Aus der Landeskonferenz der Richtlinienpsychotherapieverbände (LAKO) und dem Beratenden Fachausschuss Psychotherapie der Kassenärztlichen Vereinigung Bayerns (KVB; BFA-PT)


Es sind immer wieder die ähnlichen und oft auch wiederkehrenden Themen, die die Gremien beschäftigen:

-        Bedarfsplanung: werden freie PT-Sitze, in einem sog. überversorgten Gebiet aufgekauft oder nicht?

-        Wie ist die Honorarentwicklung, sollte das Kapitel 23 auch extrabudgetär vergütet werden?

-        Wie ist die weitere Entwicklung der Psychotherapierichtlinien, kommt die psychotherapeutische Sprechstunde, fällt das Gutachterverfahren?

Bedarfsplanung: Sollte es so kommen, wie es das GKV-Versorgungsstärkungsgesetz vorsieht, so hieße das für Bayern im Bereich Psychotherapie, dass 1.257,9 Sitze wegfallen würden in Versorgungsgebieten mit einem Versorgungsgrad oberhalb von 110%, 265,2 Sitze wegfallen würden in Gebieten mit einem Versorgungsgrad oberhalb 200%; im KJP-Bereich würden 28 Sitze (oberhalb 110%) und 9,5 Sitze (oberhalb 200%) wegfallen. D.h. in Bayern würden insgesamt 1.560 PT-Sitze im Laufe der nächsten Jahre eingezogen werden.

Es gilt hier, alle Möglichkeiten zu nutzen, dies zu verhindern. Auf der politischen Ebene muss Druck aufgebaut und mit den verschiedenen Entscheidungsträgern das Gespräch gesucht werden. Drum gilt es nicht müde werden und bei allen Gelegenheiten, wo ein Kontakt mit Politikern stattfindet, egal ob mit Volksvertretern auf Landes- oder Bundesebene, diese auf unsere Situation aufmerksam zu machen.

In den Medien, ob Print, TV, Blogs oder sonstigen Internetforen, auf die Unhaltbarkeit der politischen Beschlüsse aufmerksam machen und deren Folgen für die Versorgung psychisch kranker Menschen darstellen.

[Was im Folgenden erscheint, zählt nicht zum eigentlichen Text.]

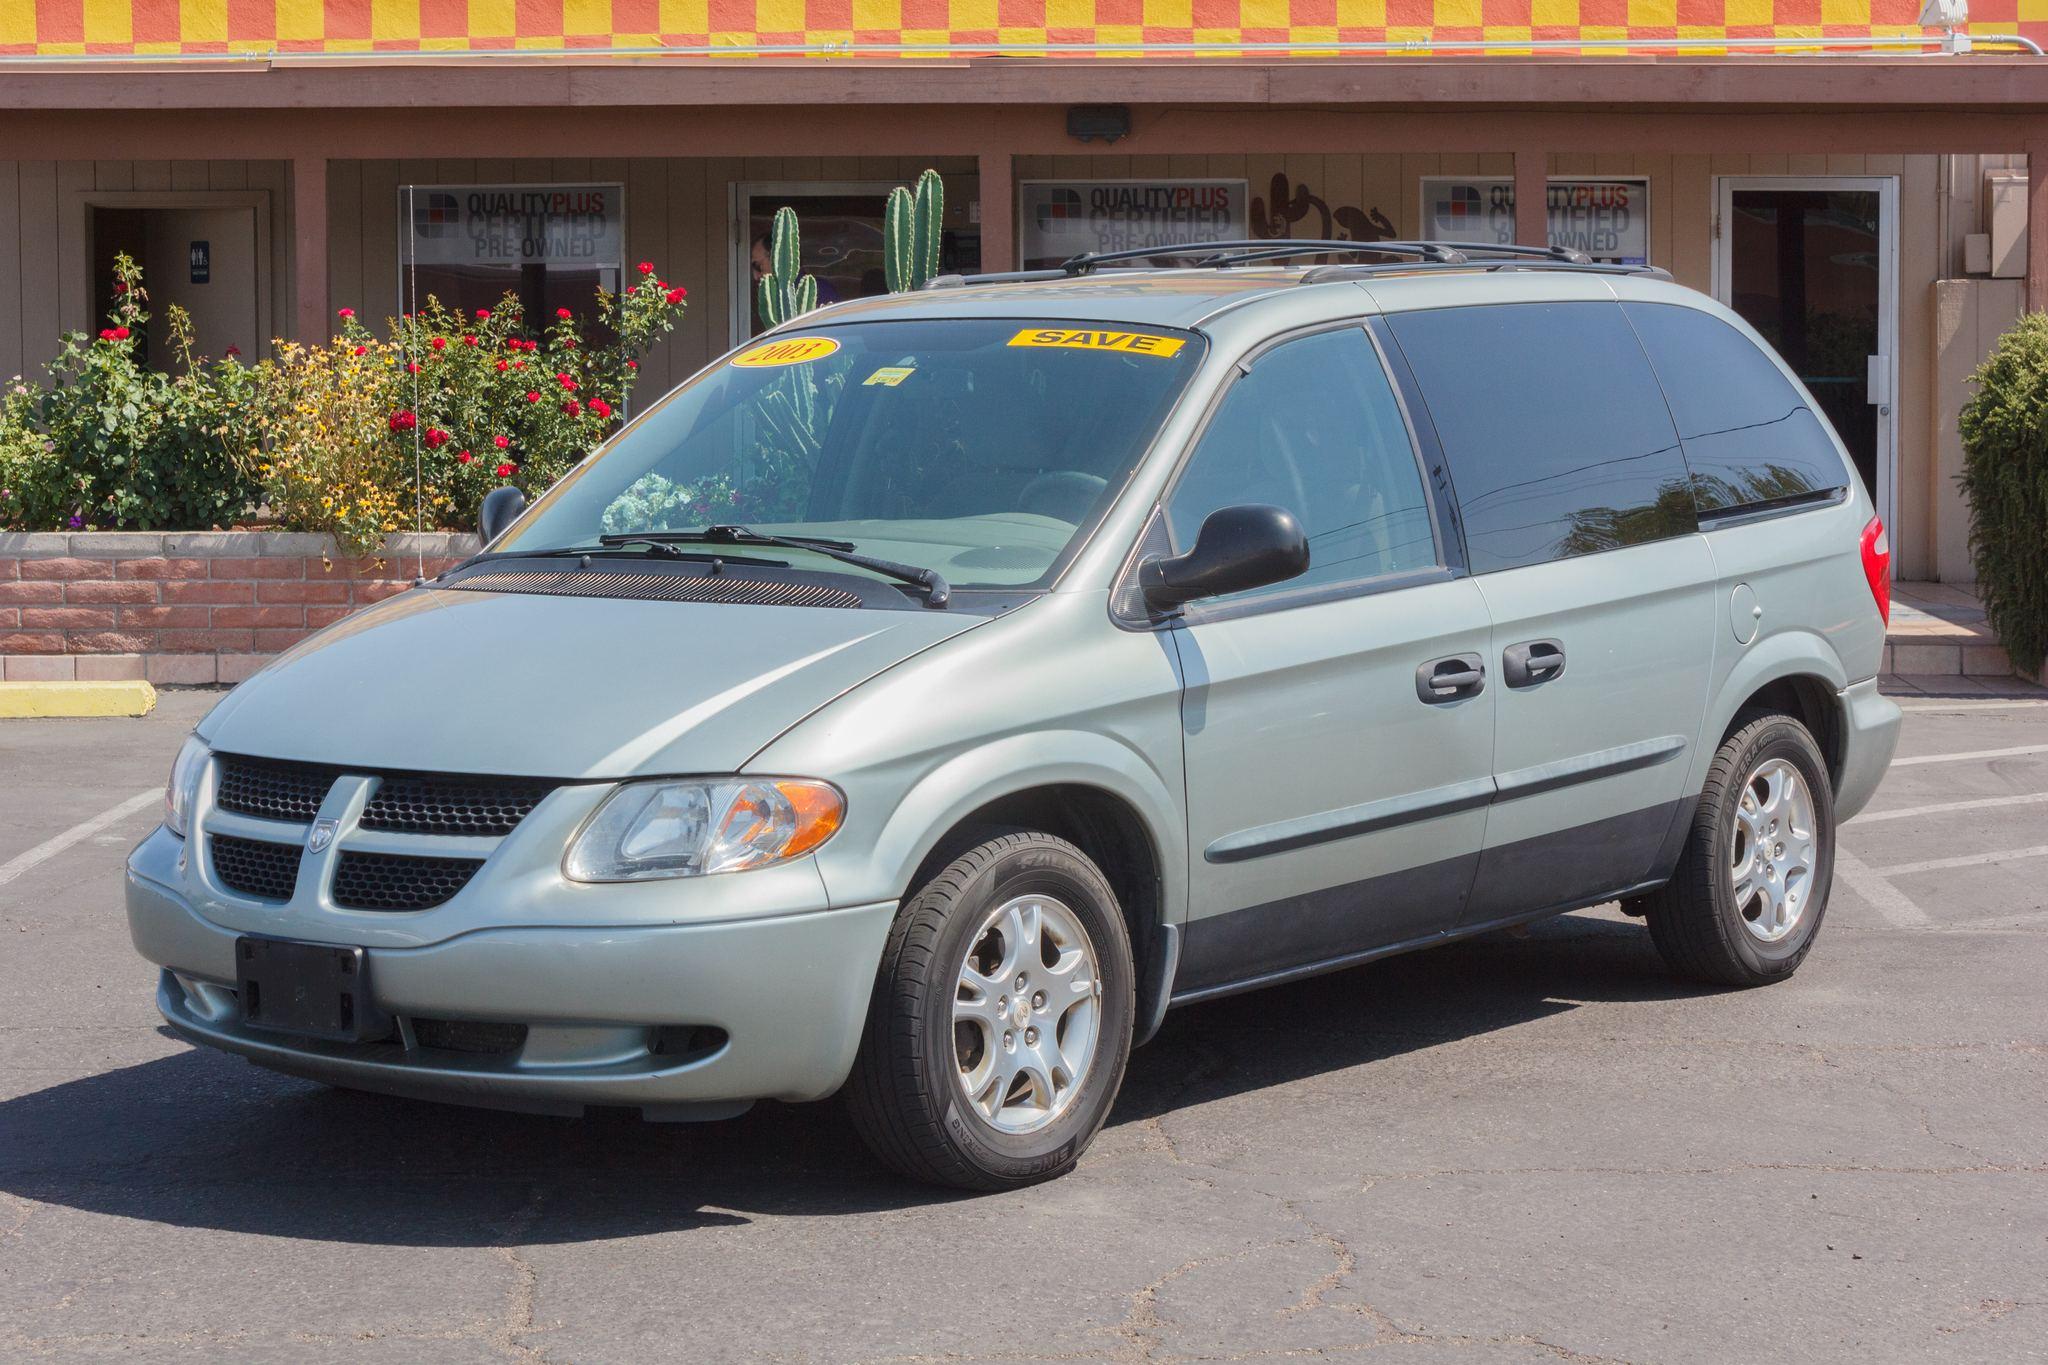 Photo of 2003 Dodge Caravan 4d Wagon SXT Patriot Blue Pearlcoat
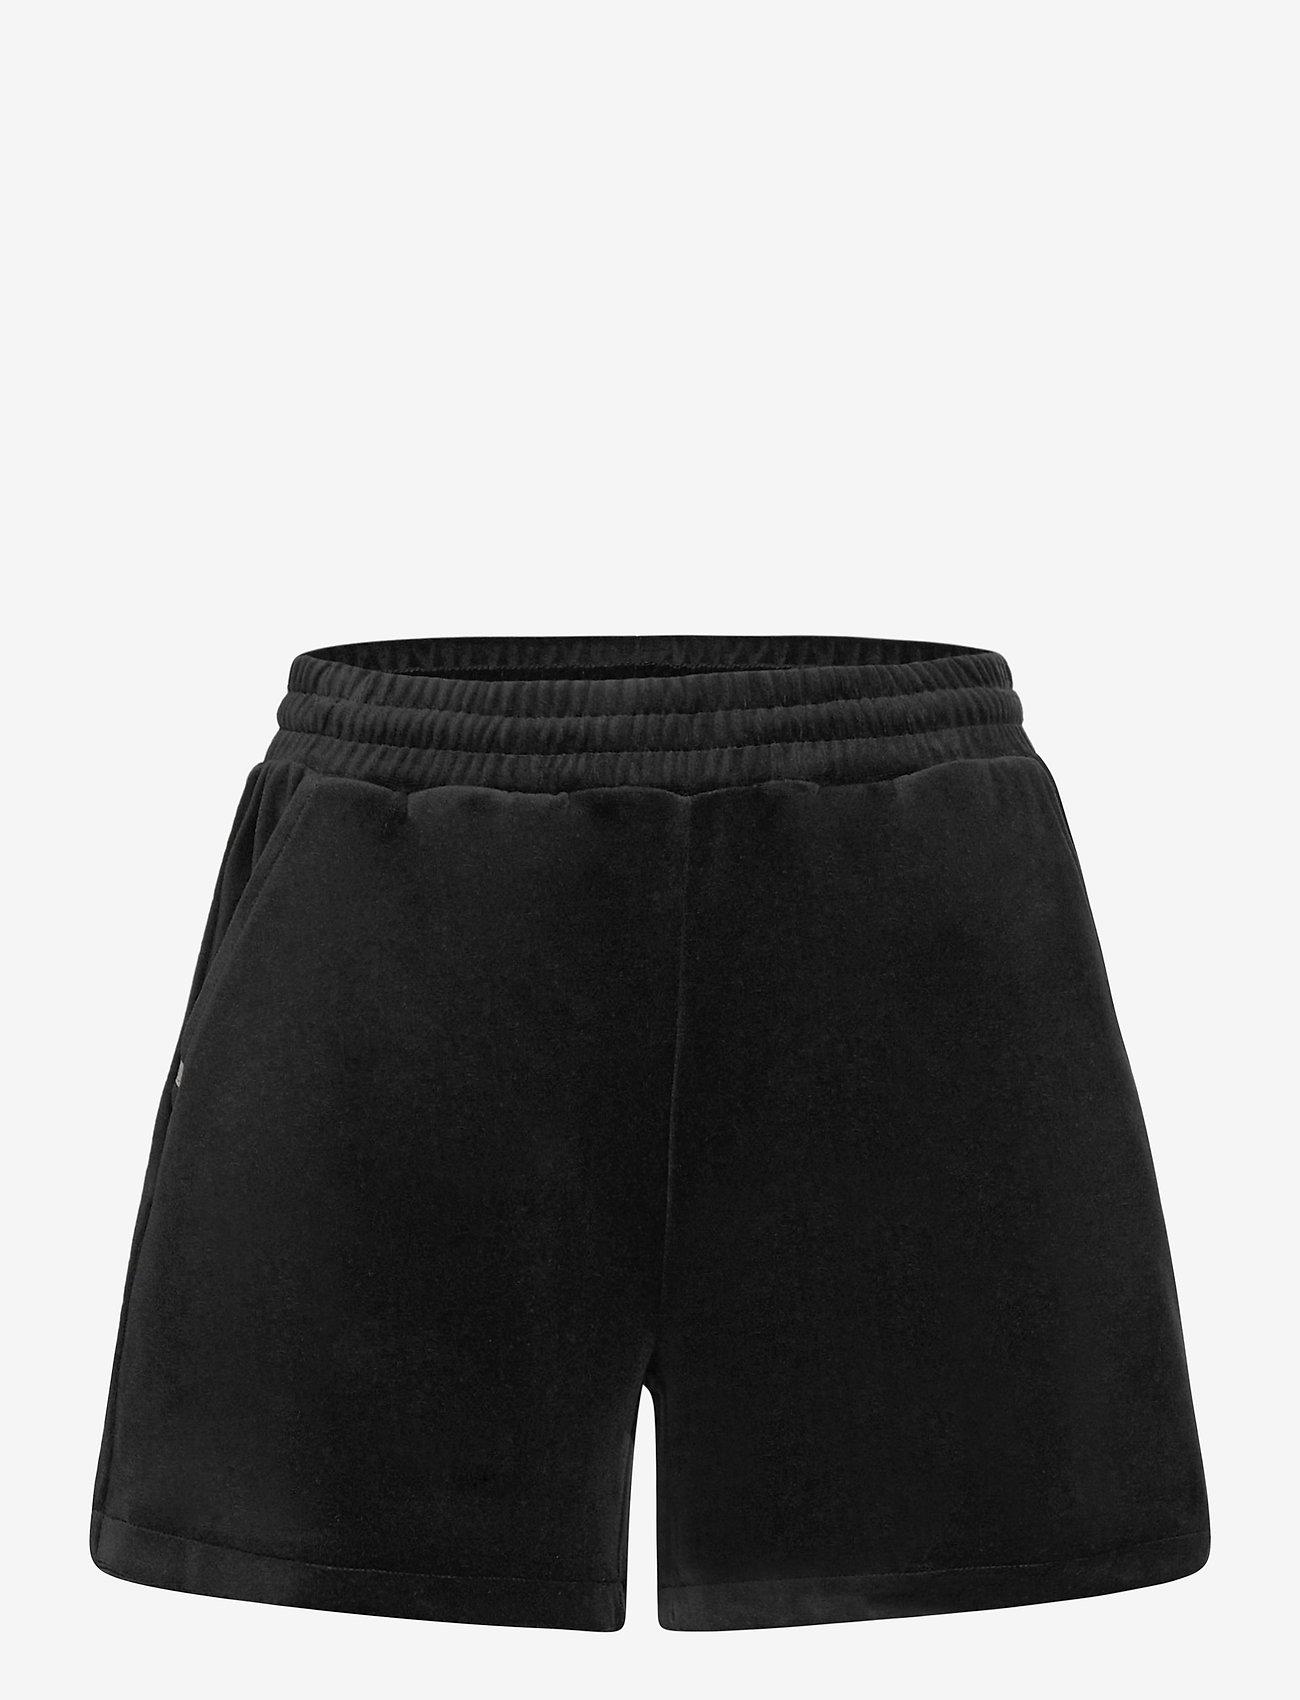 Rosemunde - Shorts - casual shorts - black - 0

Honorarentwicklung:Es geht mäßig voran, stets unterhalb der Inflationsrate, so dass effektiv die Honorare sinken. Sowohl in der LAKO als auch im BFA-PT wurde diskutiert, ob auch die Leistungen des Kapitels 23 extrabudgetär vergütet werden sollen, was zur Folge hätte, dass diese nicht mehr so stark schwanken wie bisher, wo teilweise nur 87% der möglichen Vergütung ausgezahlt wurden.

Dem wurde allerdings entgegen gehalten, dass in den letzten beiden Quartalen die Vergütung über 100% lag, da Leistungen gestützt wurden.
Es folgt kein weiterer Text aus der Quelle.